▶ **Dataset excerpt**

[Start of section]

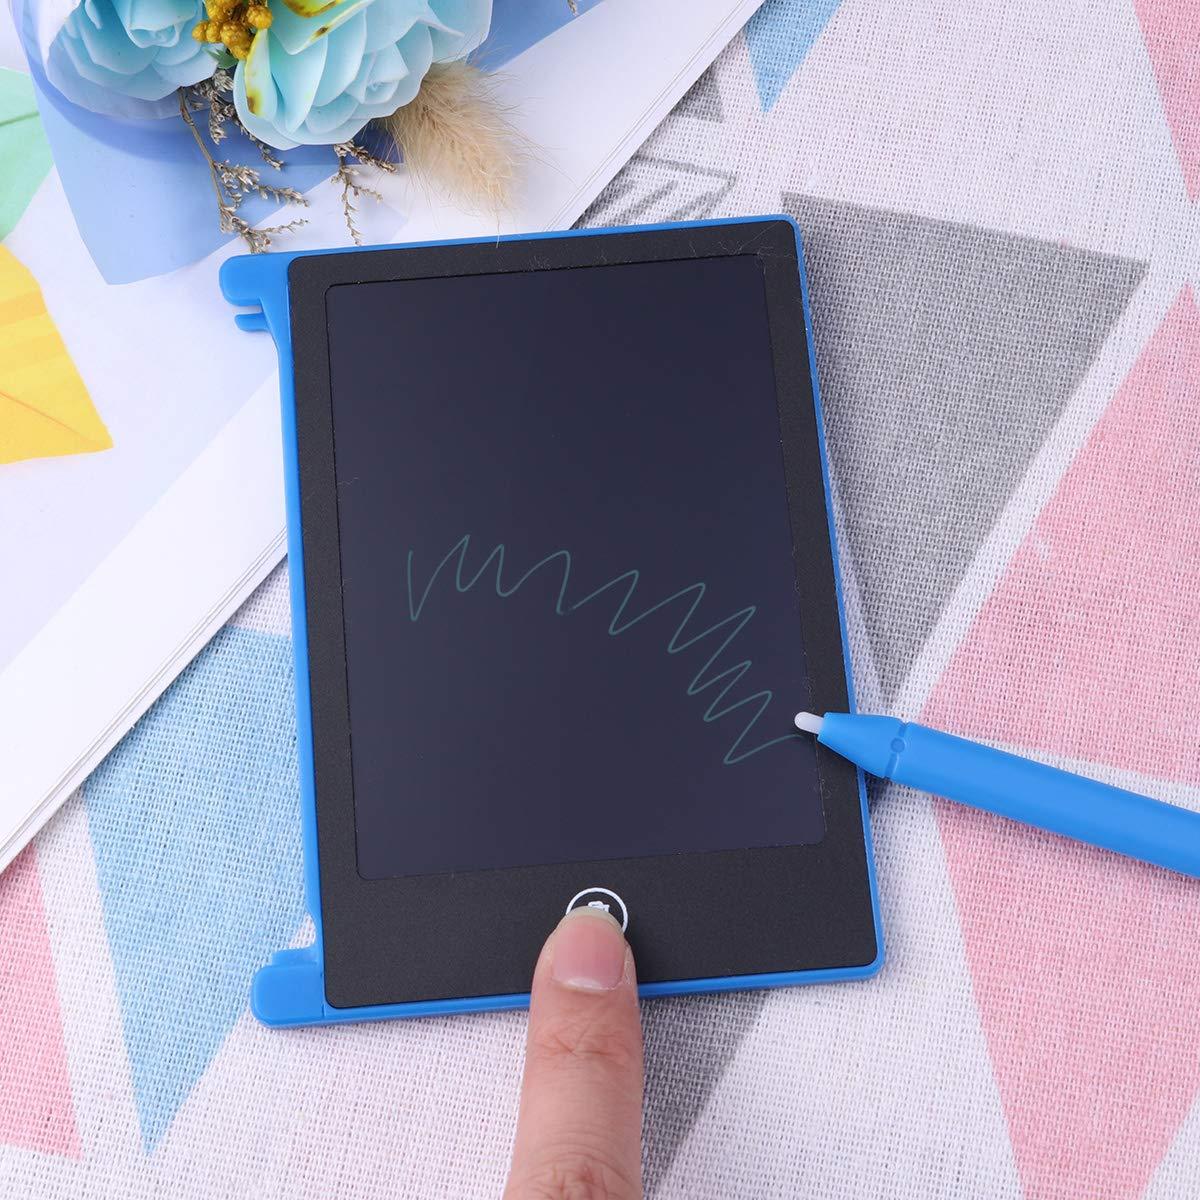 Herramienta de Graffiti para ni/ños Amarillo Desarrollo temprano Toyvian Tableta gr/áfica port/átil de 4,4 Pulgadas de Escritura Tableta gr/áfica port/átil
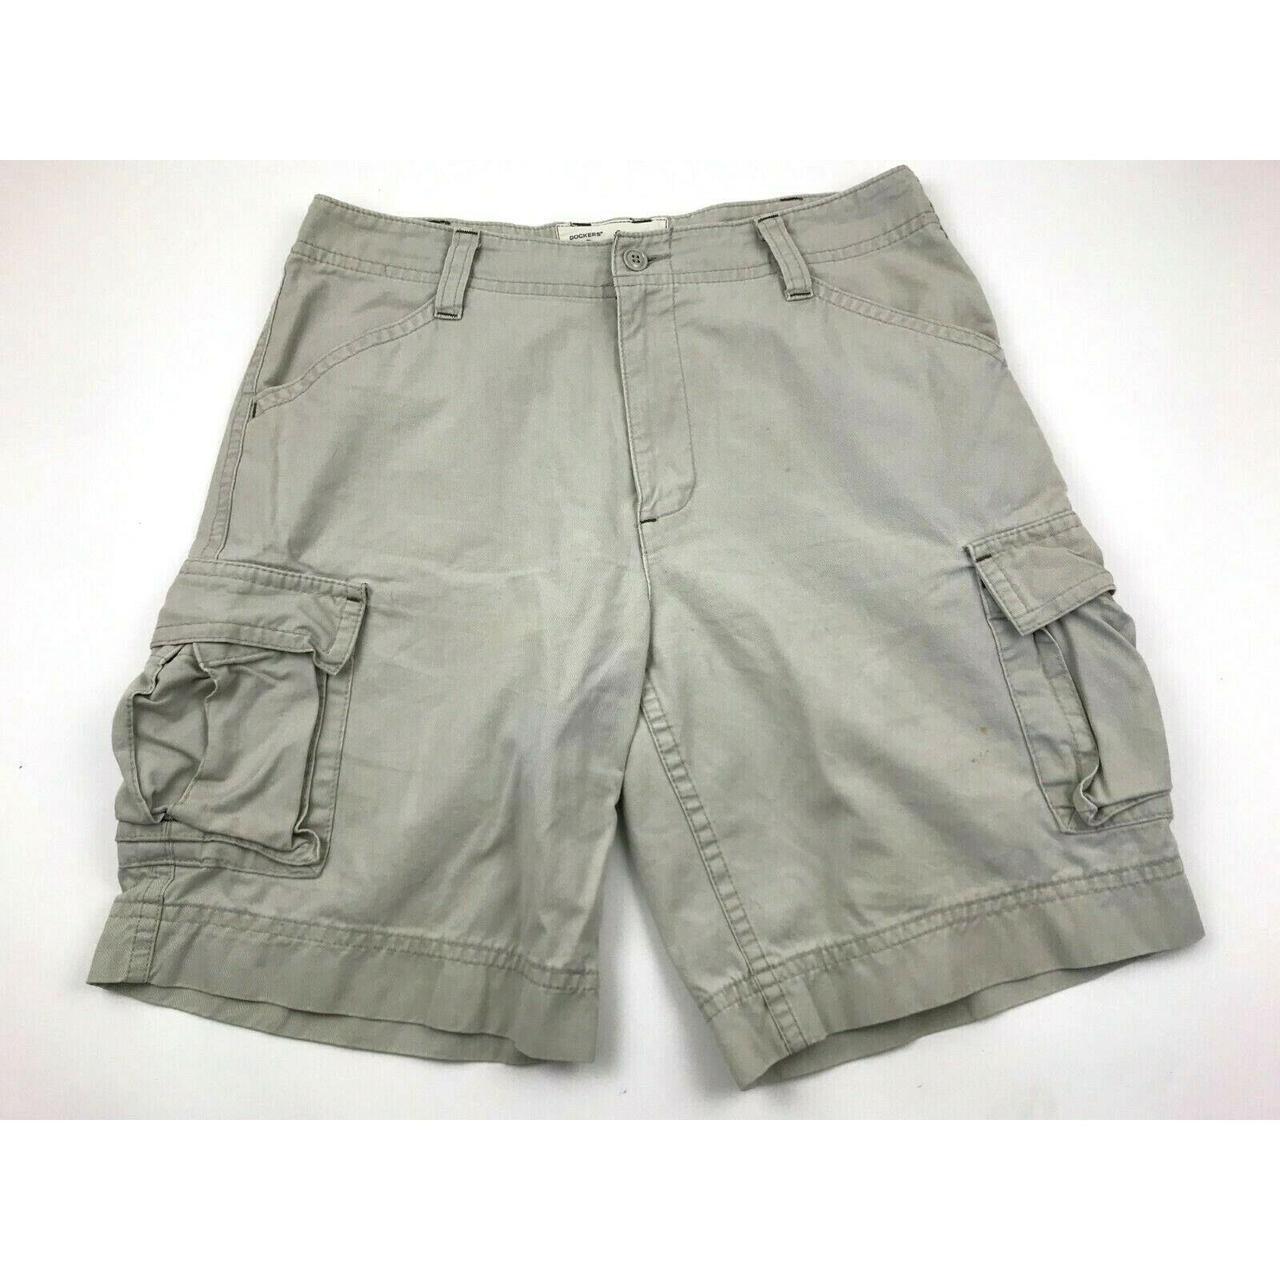 Product Image 1 - Dockers Cargo Shorts Size 36
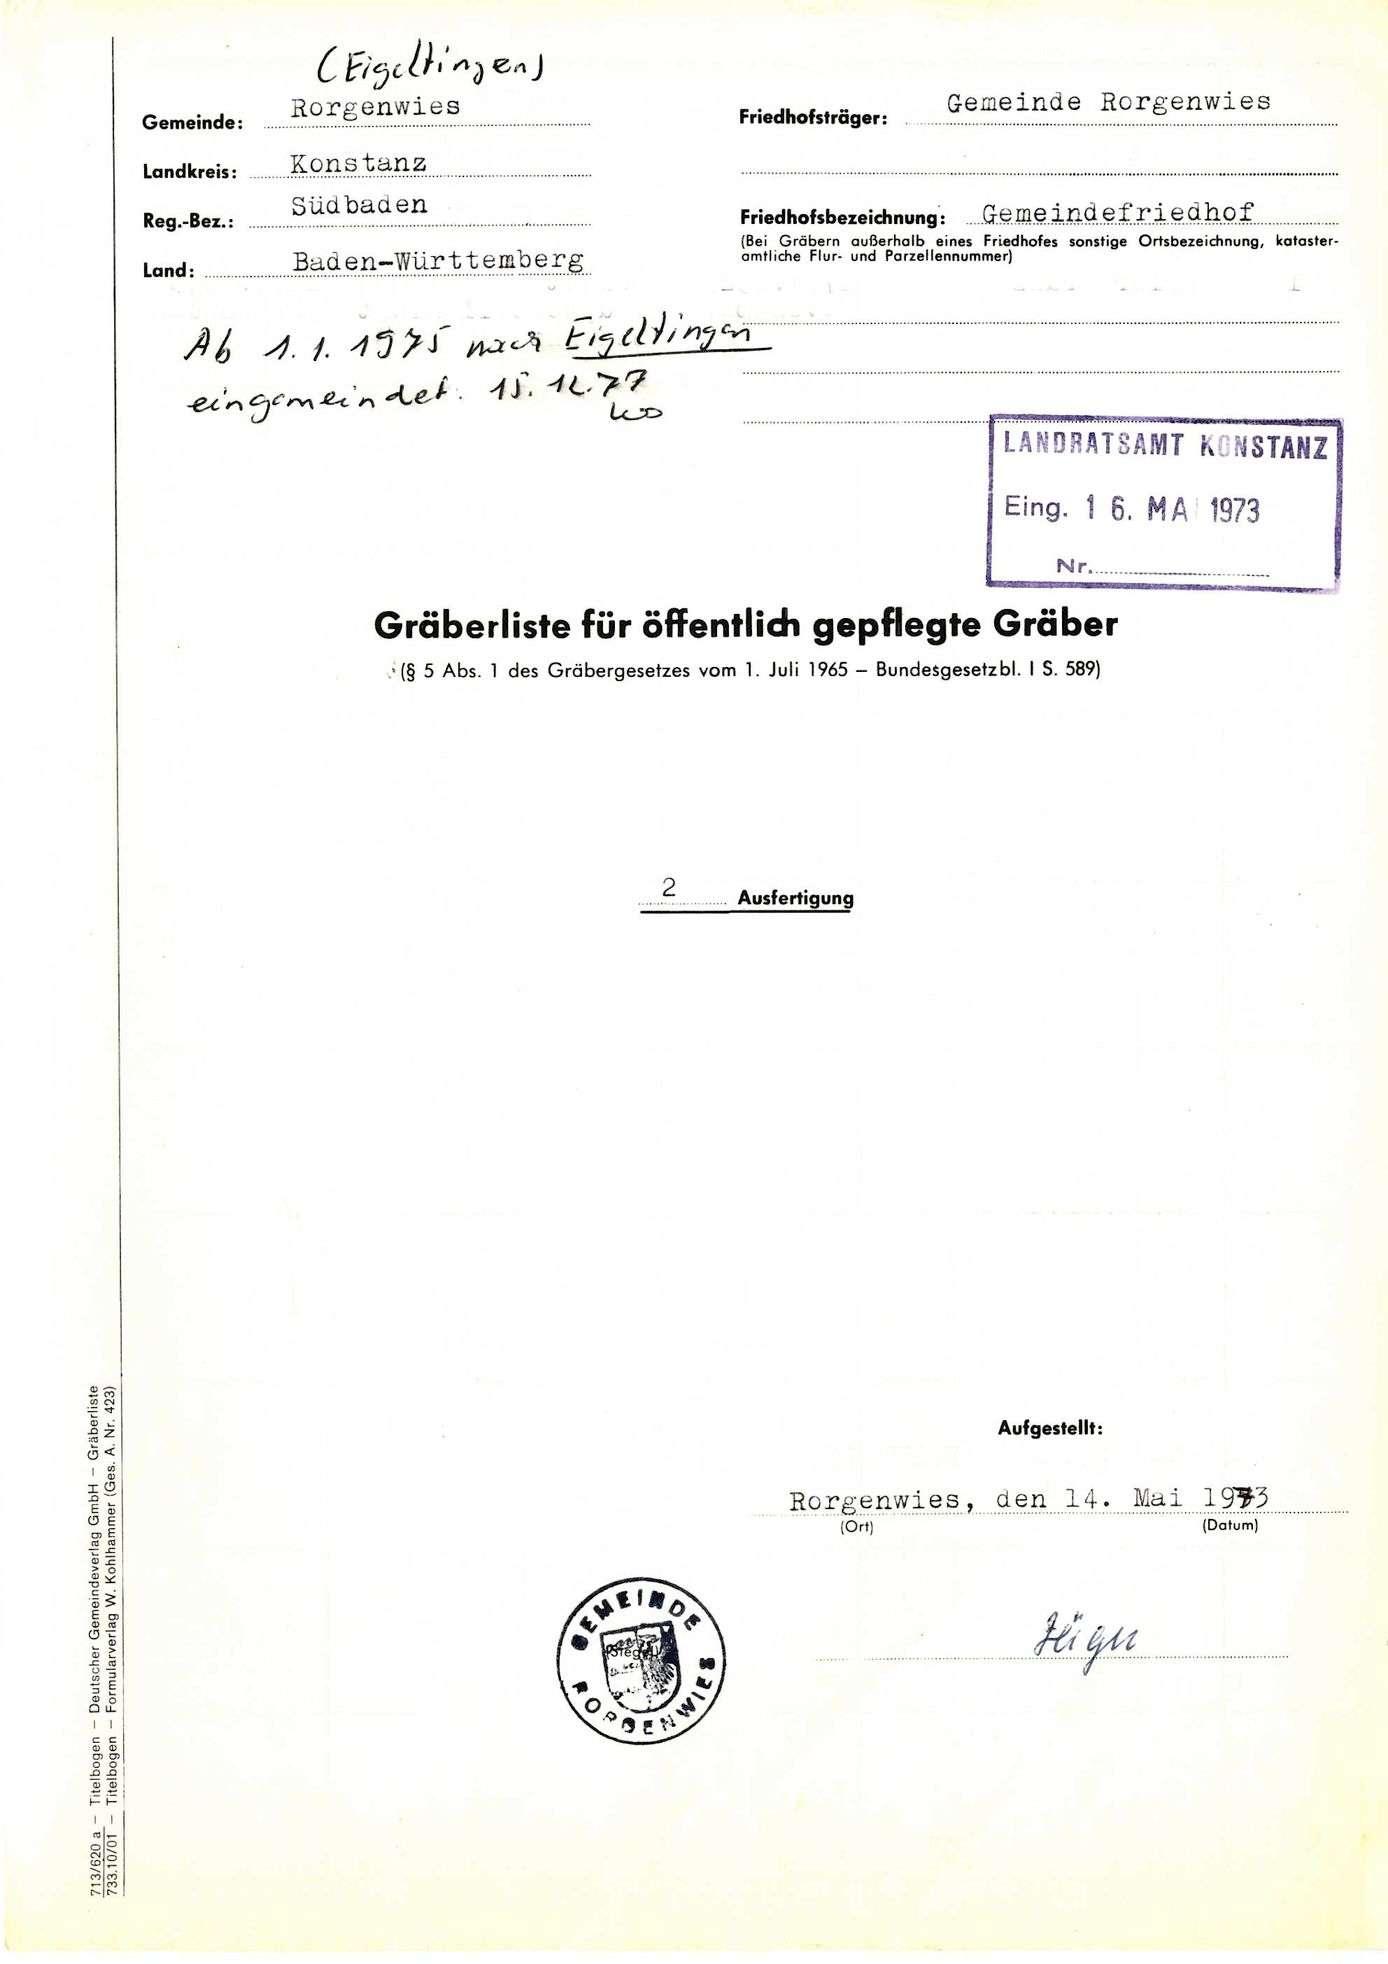 Rorgenwies, Bild 1
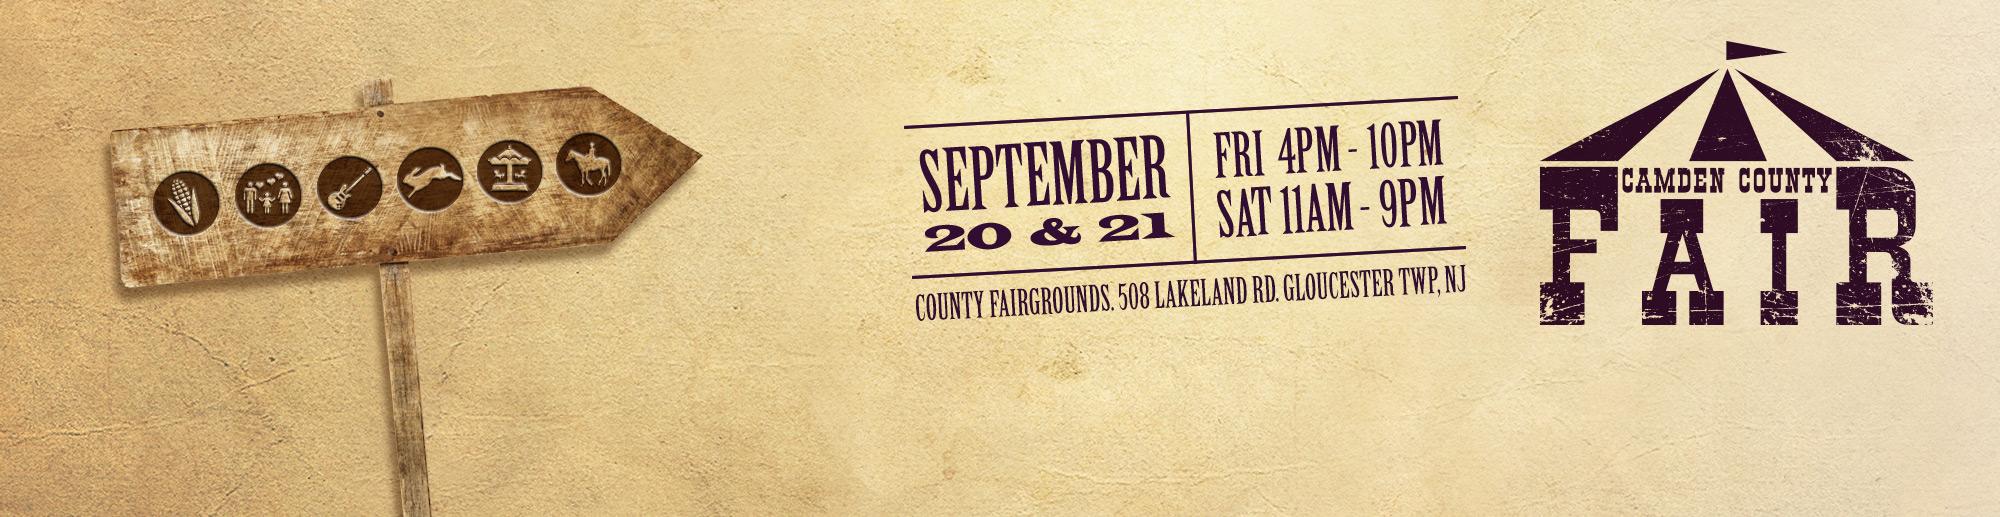 Camden County Fair

[End of section]

▶ **Instructions for the task**
The answer should be the full material above, printed exactly, with no pictures in it.

▶ **Solution to this task**
 Herramienta de Graffiti para ni/ños Amarillo Desarrollo temprano Toyvian Tableta gr/áfica port/átil de 4,4 Pulgadas de Escritura Tableta gr/áfica port/átil
 Product Image 1 - Dockers Cargo Shorts Size 36
 Rorgenwies, Bild 1
 Camden County Fair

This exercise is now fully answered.